Report to the 2009 General Assembly

Finding #1:  Innovative and non-traditional high school designs strengthen the retention of students in schools and reduce failure rates. North Carolina high schools that implemented reform/redesign models showed improved performance on 2007-08 End-of-Course tests.

  • No additional discussion was held on this item.

Finding #2: At-risk students are less likely to drop out if they form an on-going relationship with a designated adult in the school who consistently shows concern and provides personal attention in helping at-risk students address their academic or personal problems and assists them in staying on track for graduation.

  • Minor language changes underlined. No additional discussion was held on this item.

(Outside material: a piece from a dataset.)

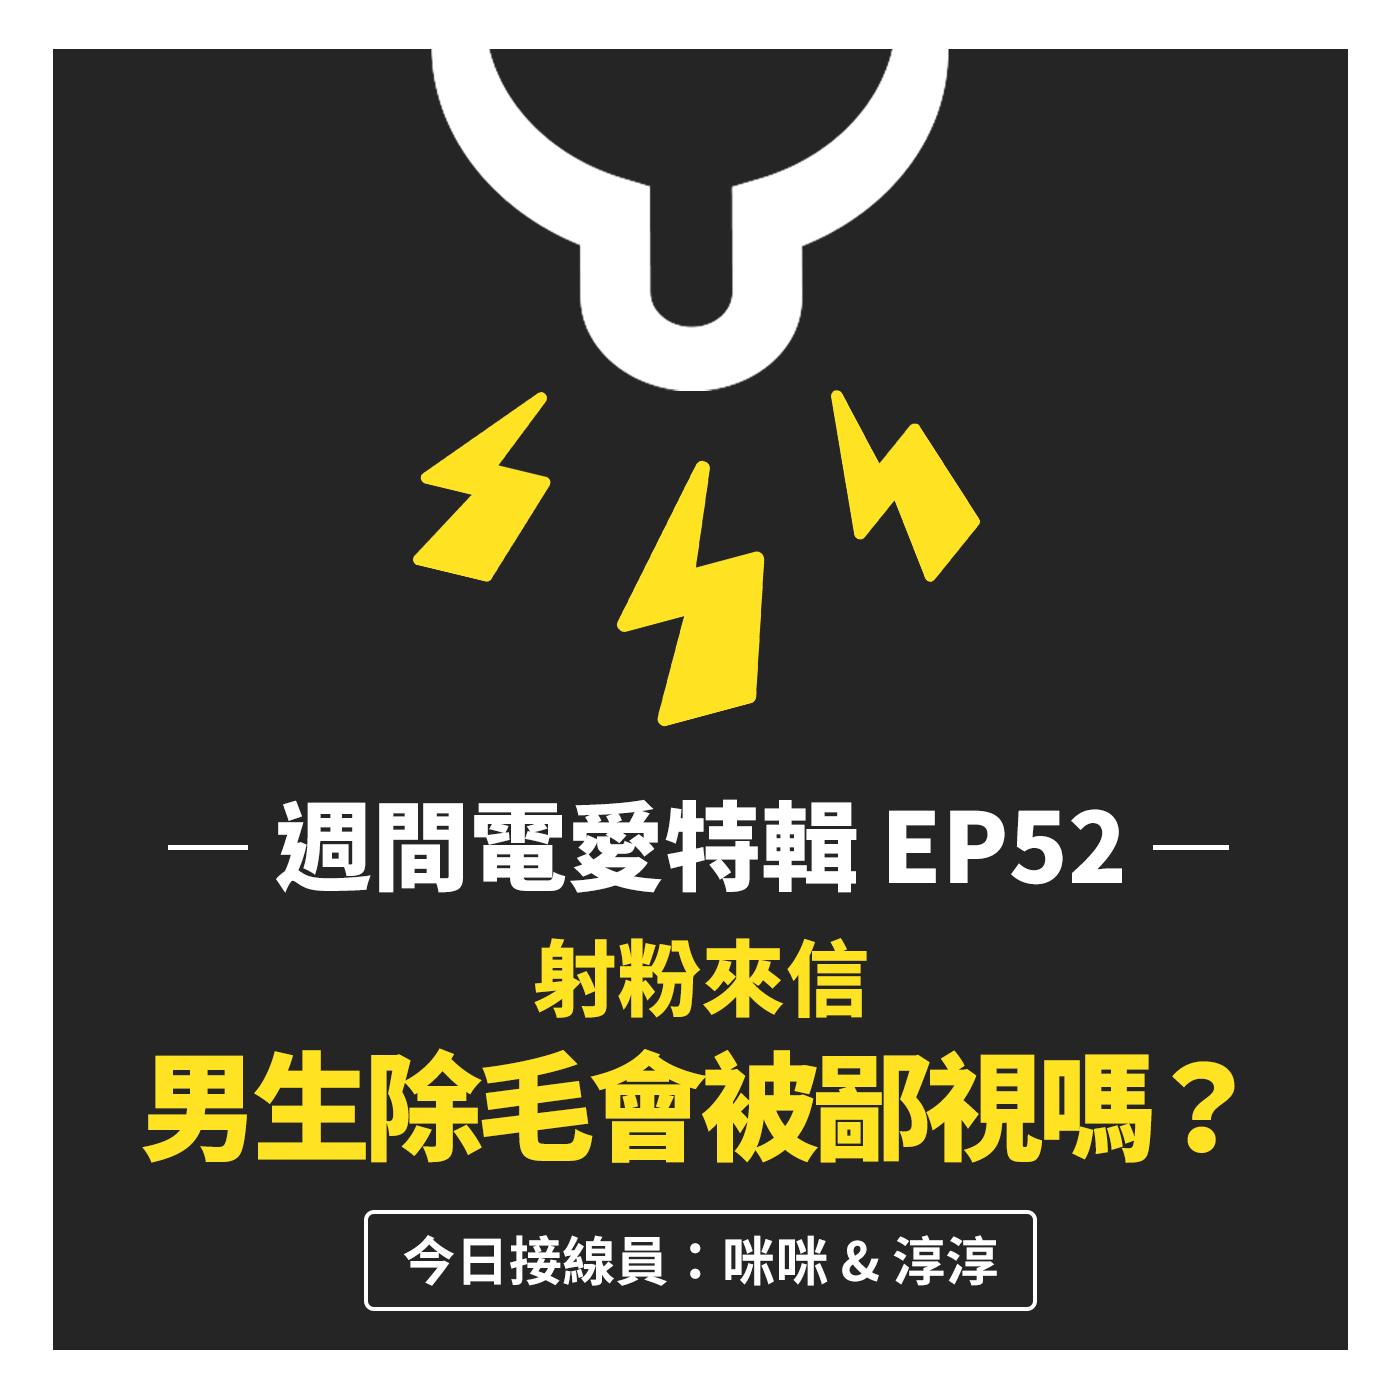 [週間電愛特輯] EP52 射粉來信 - 男生除毛會被鄙視嗎?

Finding #3: Current law requires children to attend school between the ages of seven and 16.  In 2006-07, students aged 17 were the most frequent dropouts.  The next highest age group of dropouts was students aged 18, followed by students aged 16.

  • No additional discussion was held on this item.

Finding #4: A student’s successful transition to and positive academic progress in 9th Grade are pivotal factors in the likelihood that the student will be promoted to 10th Grade and will graduate in a timely manner.

  • No additional discussion was held on this item.

Finding #5: In North Carolina in 2006-07, students dropped out more frequently during 9th Grade than any other grade.

  • No additional discussion was held on this item

Finding #6: Student suspension rates in North Carolina have been on the rise in recent years and students who are suspended from school are three times more likely to dropout than other students.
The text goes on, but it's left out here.